Izhikevich-Inspired Temporal Dynamics for Enhancing Privacy, Efficiency, and Transferability in Spiking Neural Networks

TL;DR

This paper introduces biologically inspired temporal spike transformations for spiking neural networks, improving privacy, efficiency, and transferability by modulating spike timing dynamics while maintaining competitive accuracy.

Contribution

It proposes two novel probabilistic temporal spike transformations, Poisson-Burst and Delayed-Burst, that enhance privacy and generalization in scalable SNN training.

Findings

Poisson-Burst achieves competitive accuracy with lower resource overhead.

Delayed-Burst offers stronger privacy protection with a modest accuracy trade-off.

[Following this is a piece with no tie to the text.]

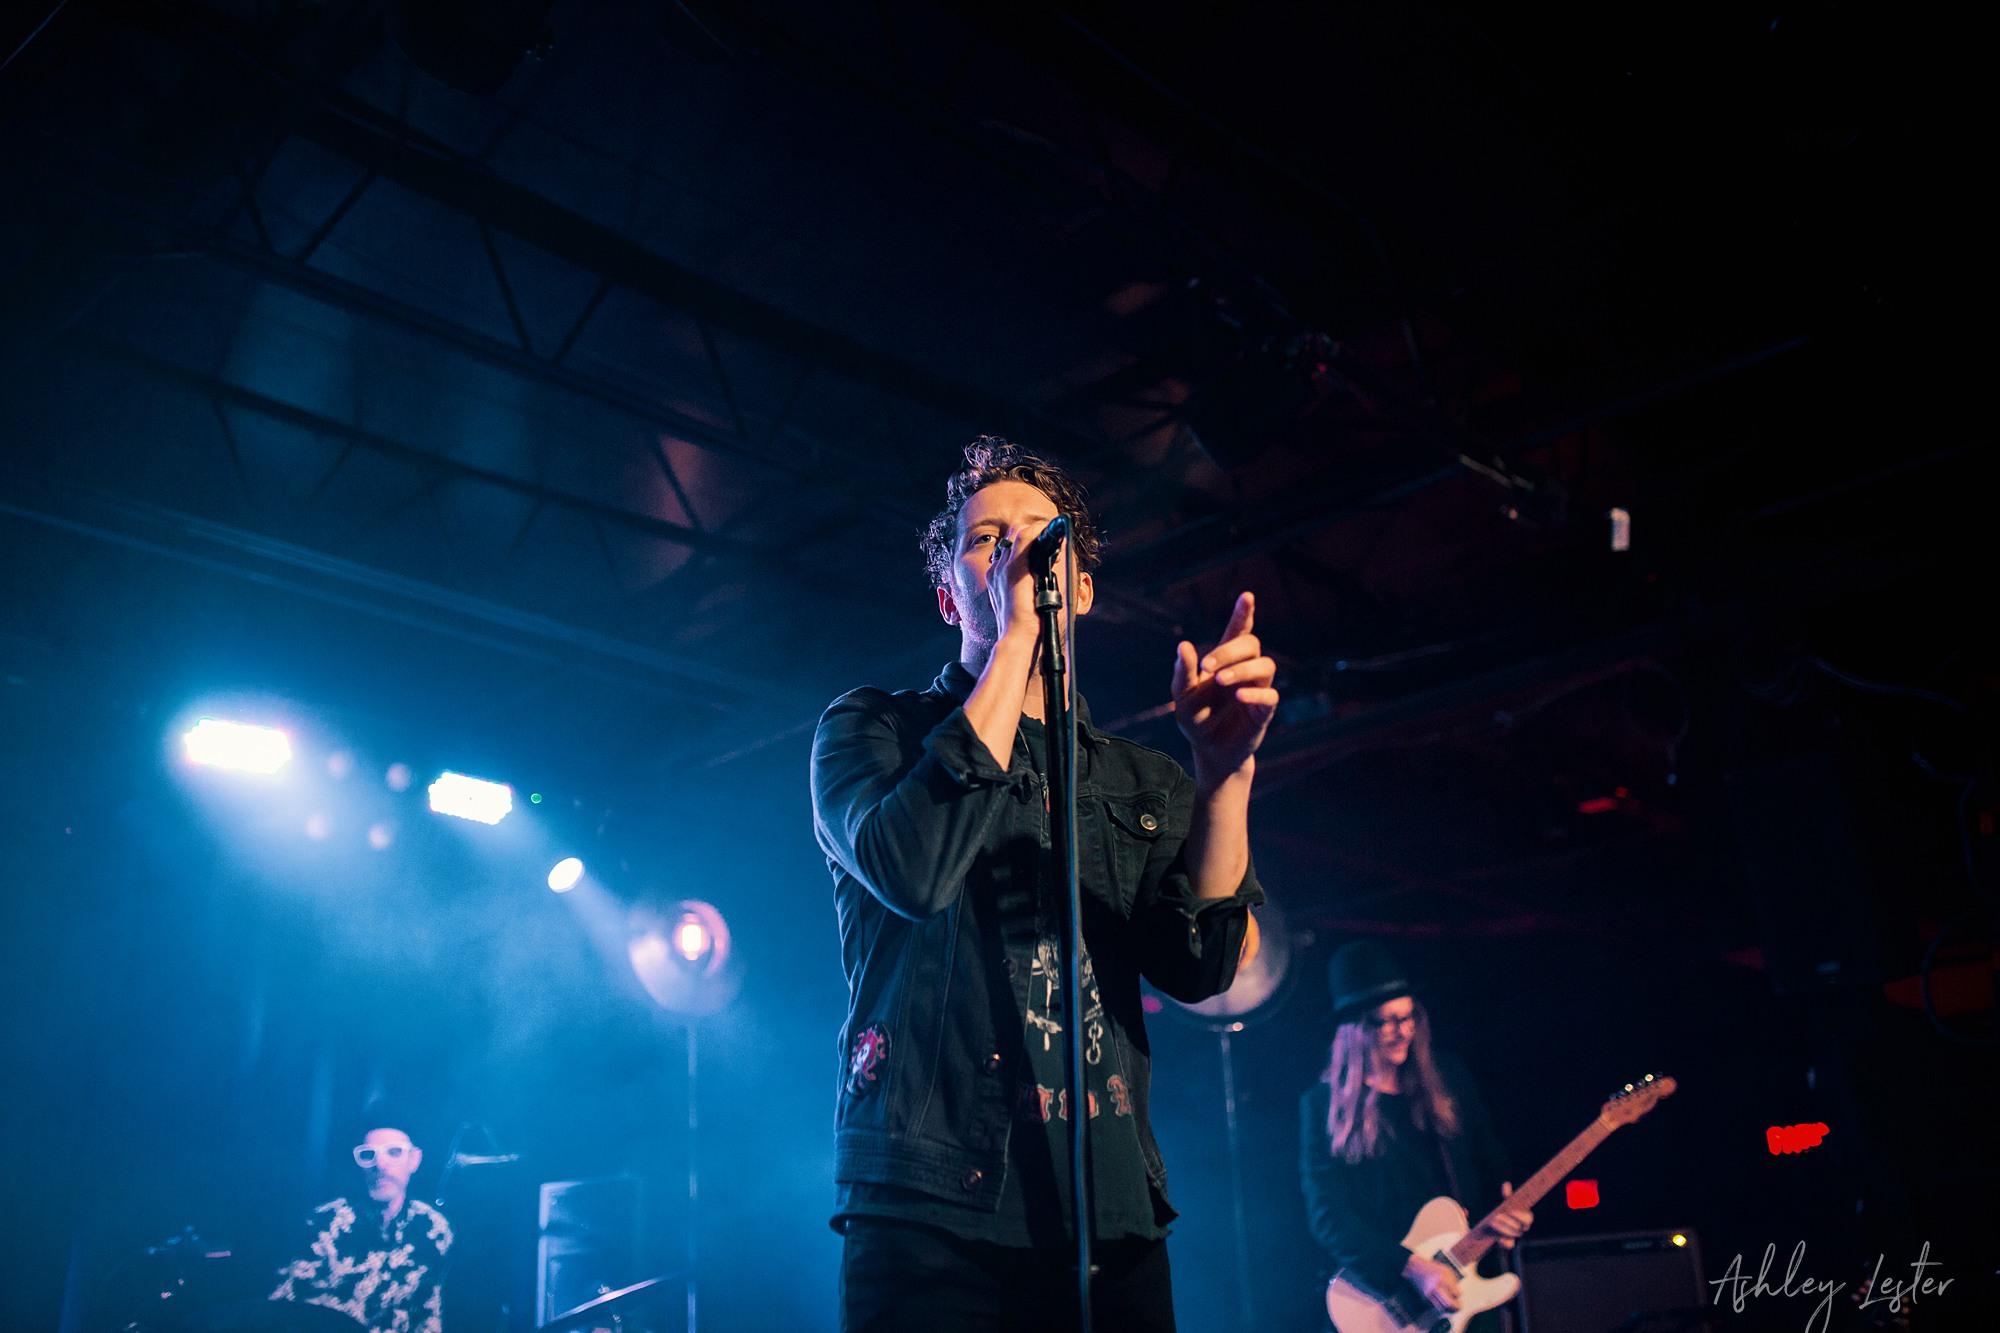 ConcertPhotographer-AndersonEast-AshleyLesterPhotography-CharlotteNC_0218.jpg

Transformations improve privacy robustness and biological plausibility.

Abstract

Biological neurons exhibit diverse temporal spike patterns, which are believed to support efficient, robust, and adaptive neural information processing. While models such as Izhikevich can replicate a wide range of these firing dynamics, their complexity poses challenges for directly integrating them into scalable spiking neural networks (SNN) training pipelines. In this work, we propose two probabilistically driven, input-level temporal spike transformations: Poisson-Burst and Delayed-Burst that introduce biologically inspired temporal variability directly into standard Leaky Integrate-and-Fire (LIF) neurons. This enables scalable training and systematic evaluation of how spike timing dynamics affect privacy, generalization, and learning performance. Poisson-Burst modulates burst occurrence based on input intensity, while Delayed-Burst encodes input strength through burst onset timing. Through extensive experiments across multiple benchmarks, we demonstrate that Poisson-Burst maintains competitive accuracy and lower resource overhead while exhibiting enhanced privacy robustness against membership inference attacks, whereas Delayed-Burst provides stronger privacy protection at a modest accuracy trade-off. These findings highlight the potential of biologically grounded temporal spike dynamics in improving the privacy, generalization and biological plausibility of neuromorphic learning systems.